Закрестились, побежали от него злодеи без оглядки как от чумного.
Один-то далеко не убежал, потому как Прохор из чужого пистоля, что в снегу нашел, пальнул да пулей его с ног сшиб, отчего другой шибче прежнего припустил.
Карл — за ним, хоть возраст его уж не тот, чтобы по сугробам зайцем скакать — дыхание в груди спирает, глаза чернотой застит. Хрипит:
— Держи его, да до смерти не бей, живым, живым бери!
Прохор барина догоняет, за ним Яков поспевает. Все тут — все живы!
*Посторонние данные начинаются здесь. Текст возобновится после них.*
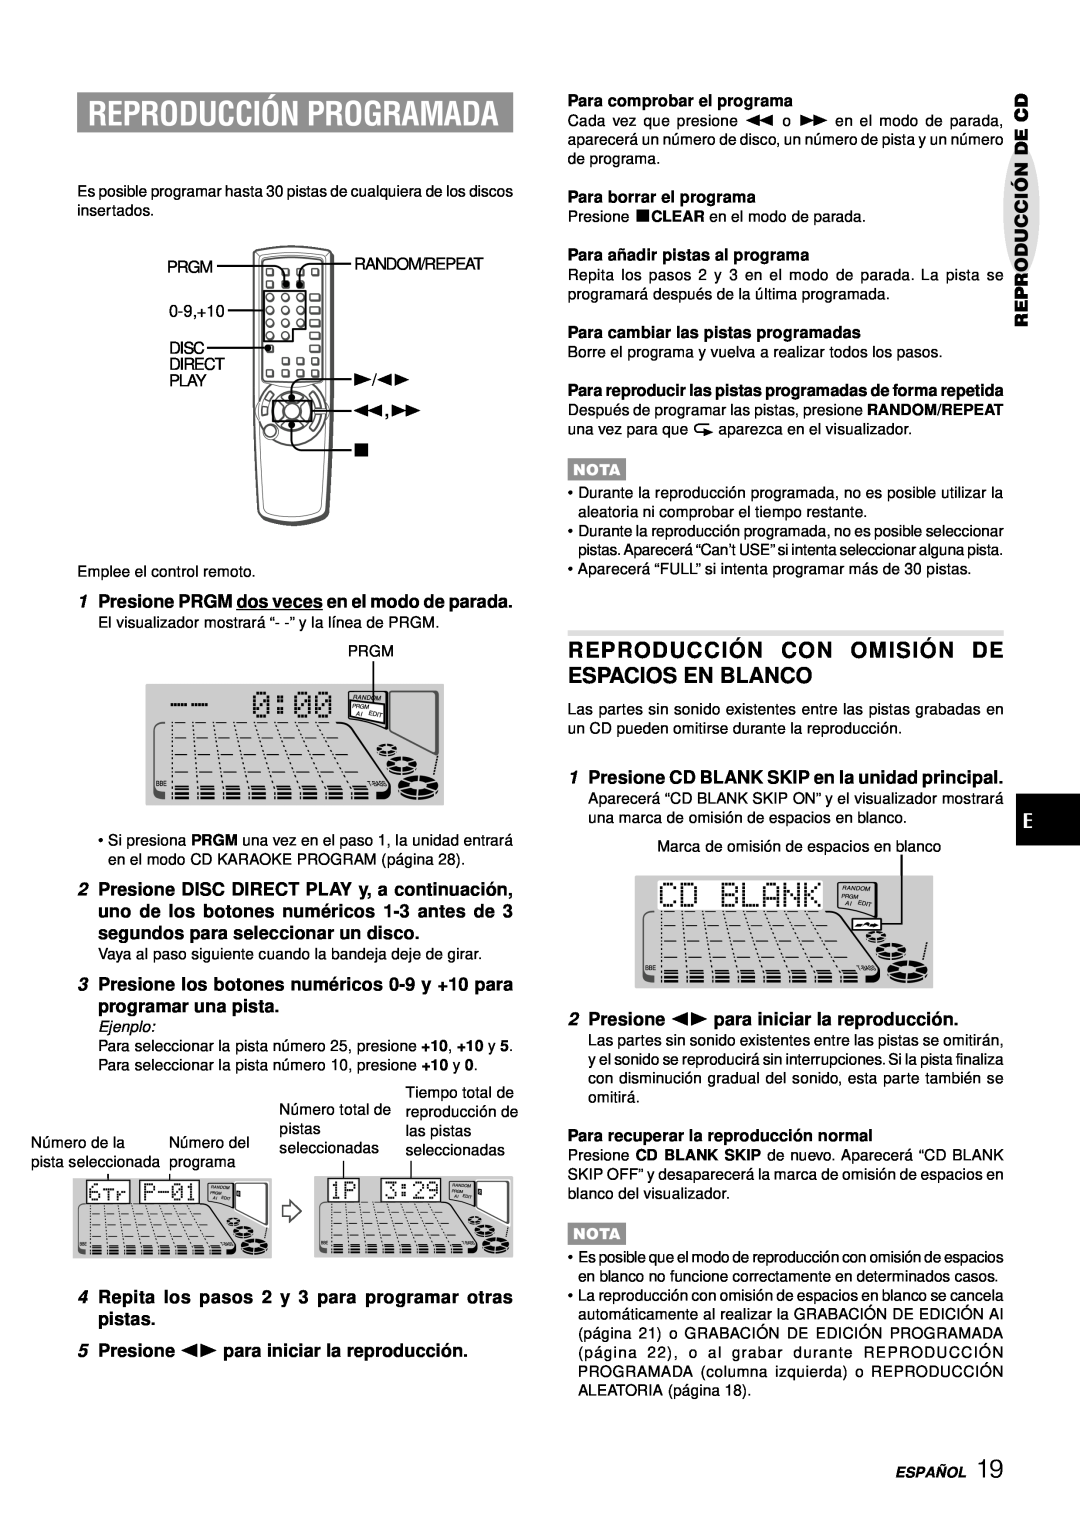 Aiwa XH-A1000 manual Reproducción Programada, Reproducció N Con Omisió N De Espacios En Blanco, programar una pista 
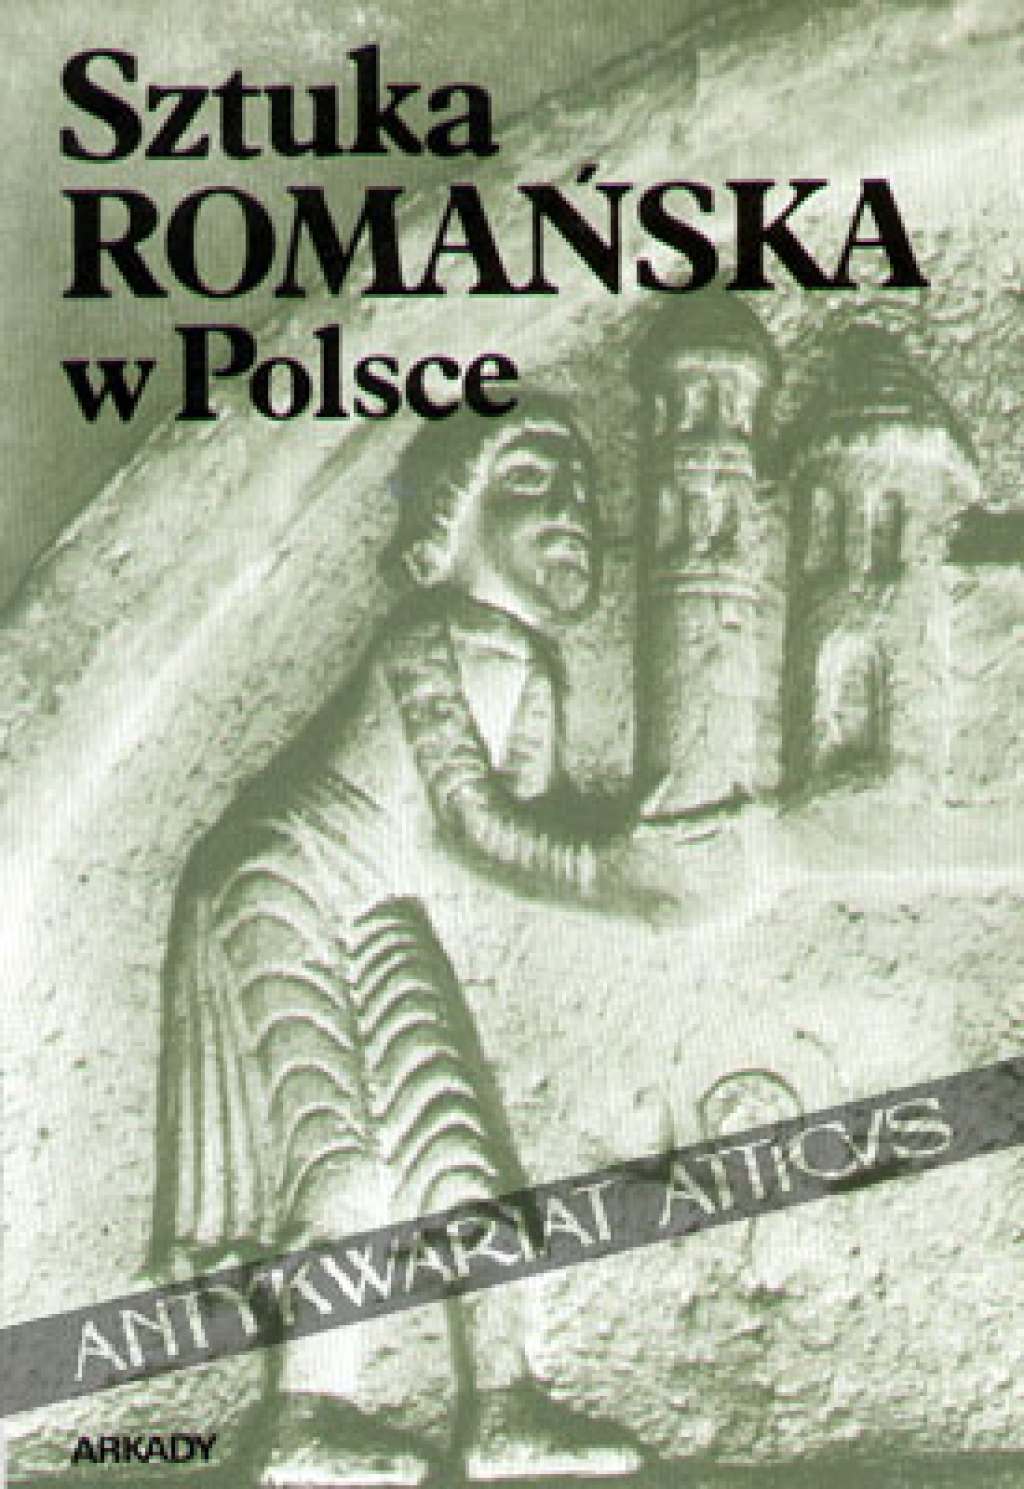 Sztuka romańska w Polsce

Побежали вослед беглецу, в сугробах утопая, от азарта улюлюкая.
А как за елки выскочили, увидали далеко на поляне возок, медвежьей полостью прикрытый, а подле него две фигуры в европейском платье, что, на месте топчась, весь снег изрыли.
Беглец прямиком к ним кинулся.
«А ведь не иваны это, коли их господа, за елками заснеженными схоронившись, ждут!» — подумал тут Карл...
Как беглец на поляну выскочил, господа подле возка на него оборотились да тут же увидели еще трех человек, что к ним через сугробы лезли.
— Кто это?.. И что сие значит? — удивленно спросил один.
— То и значит, что мы с вами конфузию потерпели! — зло ответил другой. — Уж не знаю как, но вырвались они!
— Так чего же вы медлите, их сейчас же убить надобно!
— Теперь не убивать, теперь ноги уносить следует! — сказал другой. — Скоро сюда, выстрелы заслышав, солдаты прискачут.
Выдернул из-за пояса пистолет, вскинул руку...
Увидал Прошка, как один из господ, что подле возка толклись, пистолет поднял, понял, что он в старого барина целит, прыгнул в сторону, да тут же сразу выстрел бахнул. Отлетел Прохор в сугроб, кровью своей горячей его кропя — пробила ему пуля грудь. Жалость-то какая!..
— Живой... барин?.. — прохрипел Прохор, голову поднимая, да, боле ничего не сказав, тут же и преставился.
Вот и выходит, что дважды он барина своего от неминучей смерти спас, сам через то жизни лишившись!
— Прохор! — вскрикнул Карл. — Али убили тебя?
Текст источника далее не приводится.